Would a hard dodger give you space enough for the pannels you need?


----------



## TSOJOURNER (Dec 16, 1999)

That is a thought but the dodger would be in the shade from the boom. Also it would be more likely to be damaged. With the P-323 the boom doesn''t extend over the aft part of the cockpit. A hard dodger would have some benefits. We now have a soft dodger that I like.Thanks


----------



## slipacre (May 16, 2002)

Am in process of building a hard dodger for Cheoy Lee ctr cockpit. It is a lot of work but will give space for Solar and water collection. solar will have shade issues and will get shade tolerant panels as a result.
All things are a compromise - am trying to do it so most if not all plexiglass will remove to allow for ventelation.
Had advantage of an preexisting windshield that was rotting out rapidly. Used it as template and built from there - so far so good, - getting it to look good is to be determined.
Todd


----------



## realitycaptain (Oct 5, 2003)

Todd,

I am thinking about putting a hard dodger on my catalina 30, IF YOU HAVE SUGGESTIONS, please e-mail me at [email protected], any help would be appreciated. I sail in s.e. alaska would be nice to be dry and warm.

thanks,

realitycaptain
Mark


----------



## Magic_Moments (May 15, 2003)

check out www.tartarooga.com
They make a lot of hard dodgers and they have molds to make them for a lot of boats.
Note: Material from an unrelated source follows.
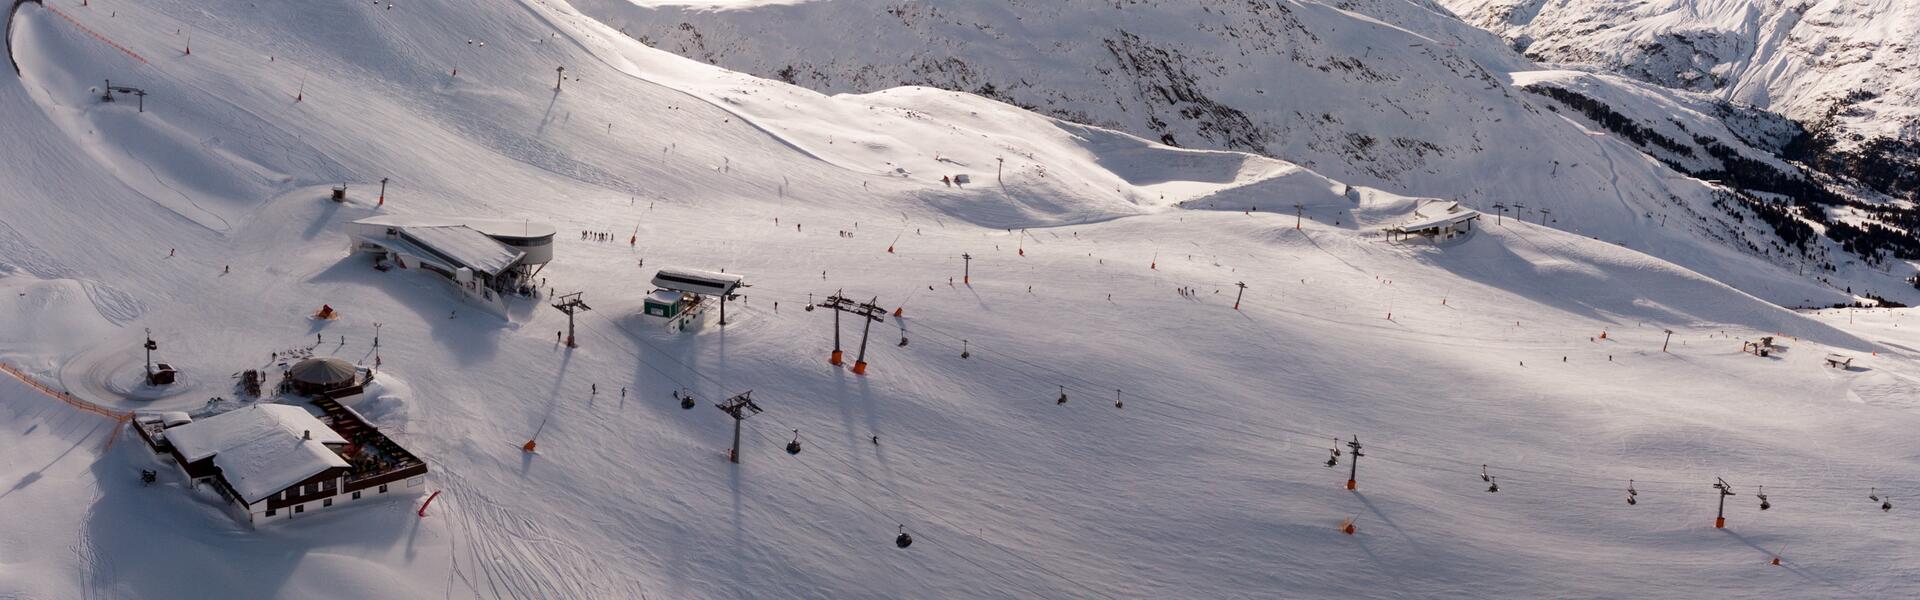 Ski area Obergurgl awards | © Scheiber Sport

They are located in Sidney BC and can be contacted via their website. Their website has a lot of pictures of boats with the hard dodger.

There is a place here in Bellingham I should remember that made one for a friend of mine''s Ericson, but I don''t.

Now that I have seen some of these dodgers and bimini''s in action I am sold on them. I also like being warm and dry and on a 16 hour passage in January I was happy to have my pilothouse. My boat has pretty good visibility of both sails and the water around and particularly in front that I haven''t found to be the case in many of the larger pilothouse boats I have been looking at, which led to my interest in cockpit enclosures. The view forward is really important when there are so many huge trees and crab traps in the water. My boat is too small with the boom hanging over the whole cockpit to get a dodger and bimini though.

I also found a propane heater called Mr. Heat that gets about 6 hours from the one pound cans they sell everywhere. It would work great in an enclosure.

Ken
Gulf 29


----------